__Instructions for the task__
Return only the lines of the data below from the line with "Compliance concerns within FinTech" up to and including the line with "Nationwide transport services", exactly as written, with the pictures omitted.

__Excerpted data__

══════

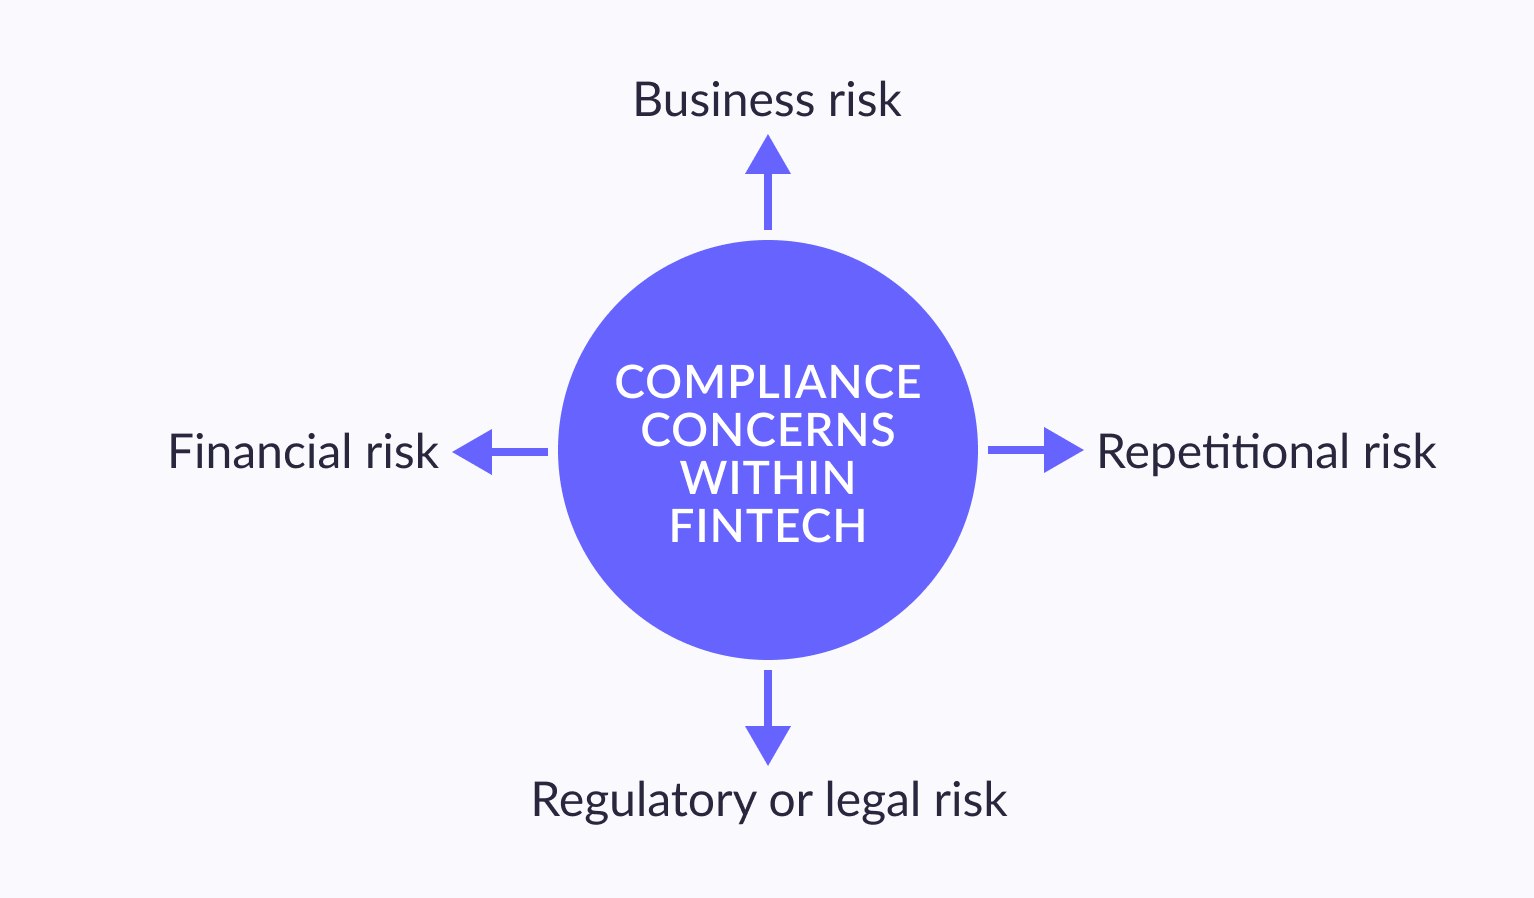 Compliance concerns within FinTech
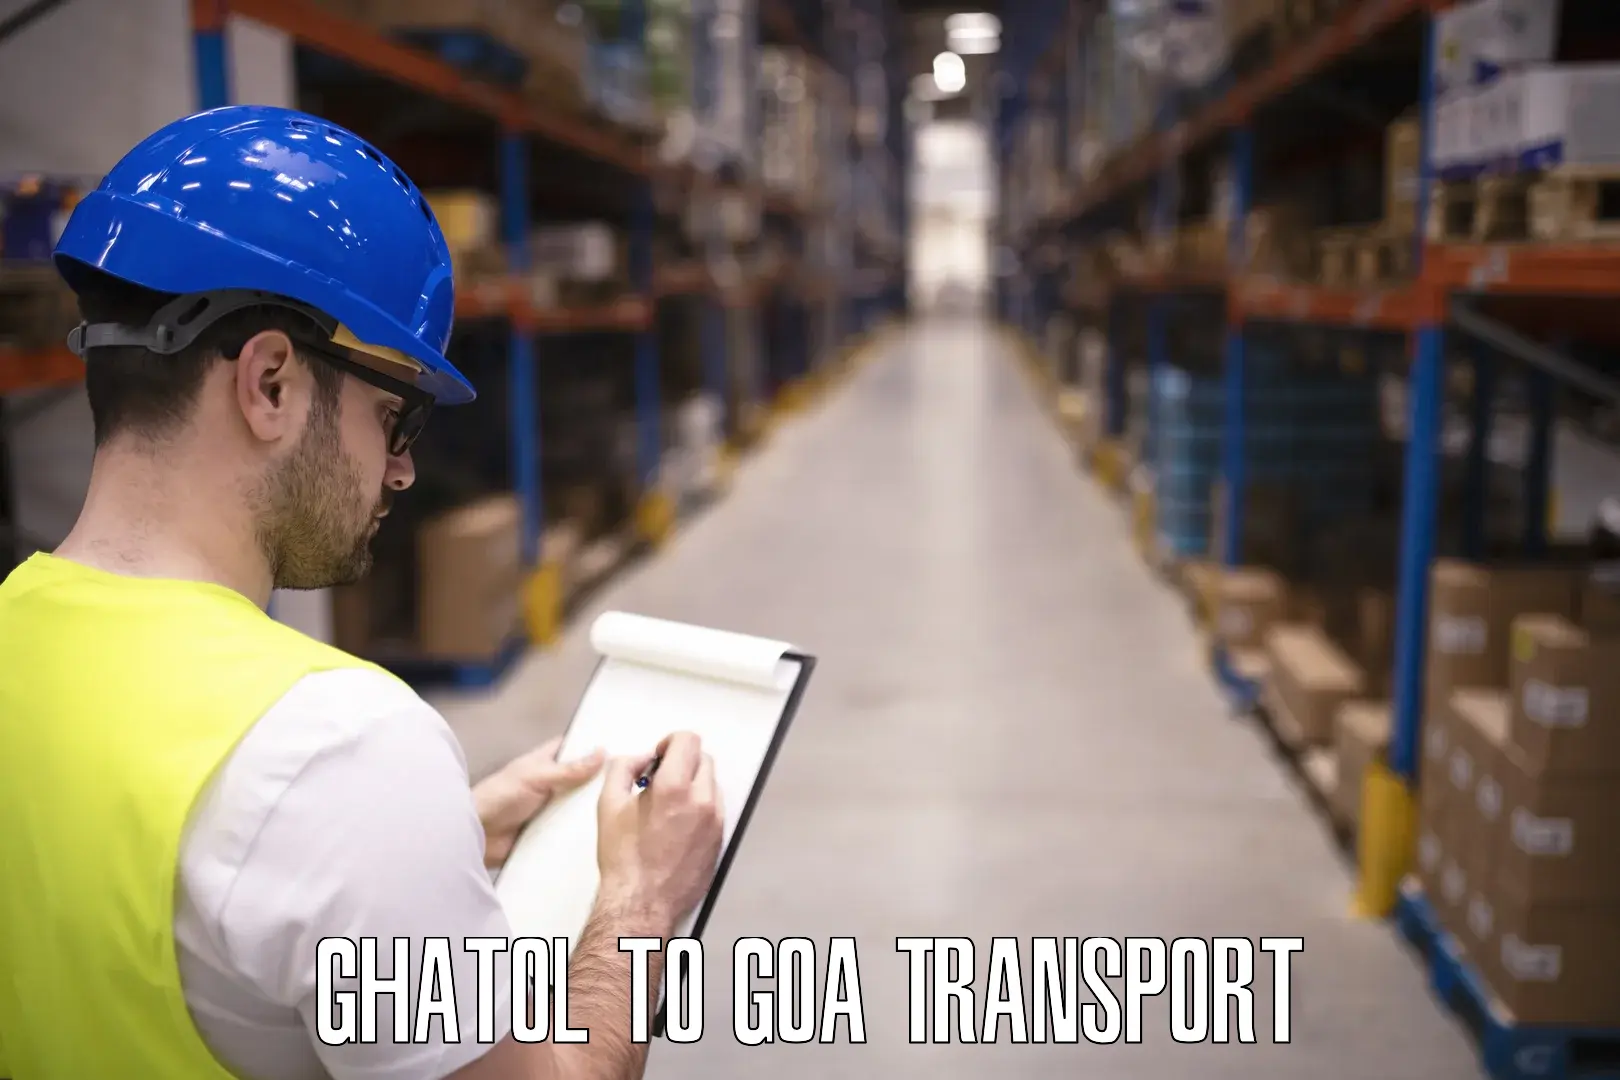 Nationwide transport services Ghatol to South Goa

══════

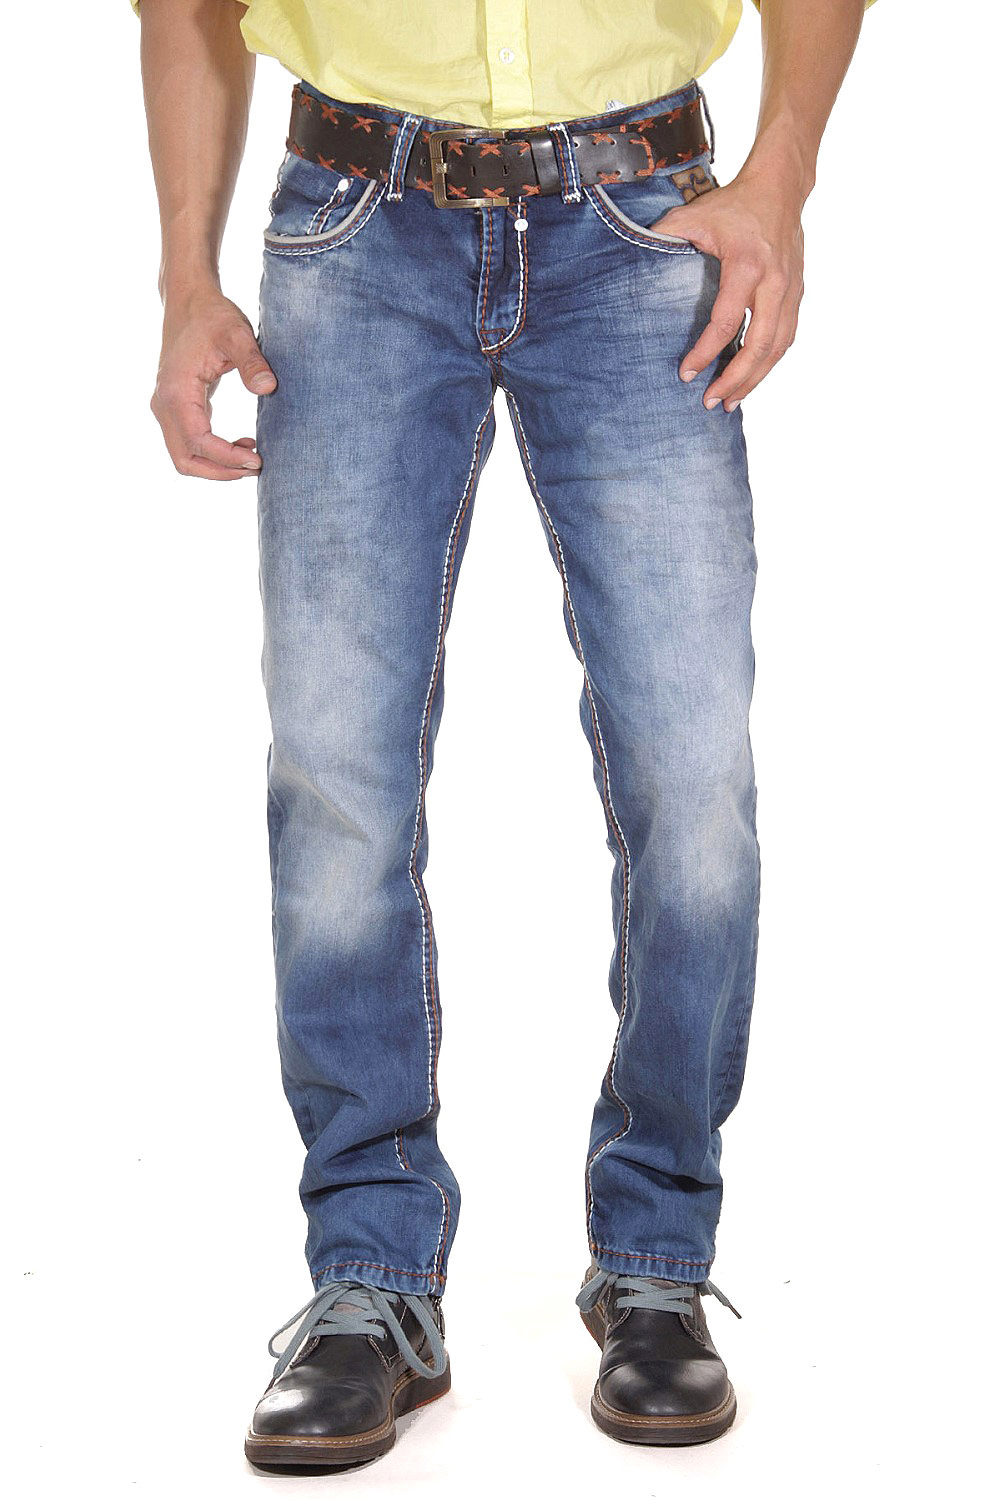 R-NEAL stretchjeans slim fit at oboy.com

══════

__Response box__
 Compliance concerns within FinTech
 Nationwide transport services Ghatol to South Goa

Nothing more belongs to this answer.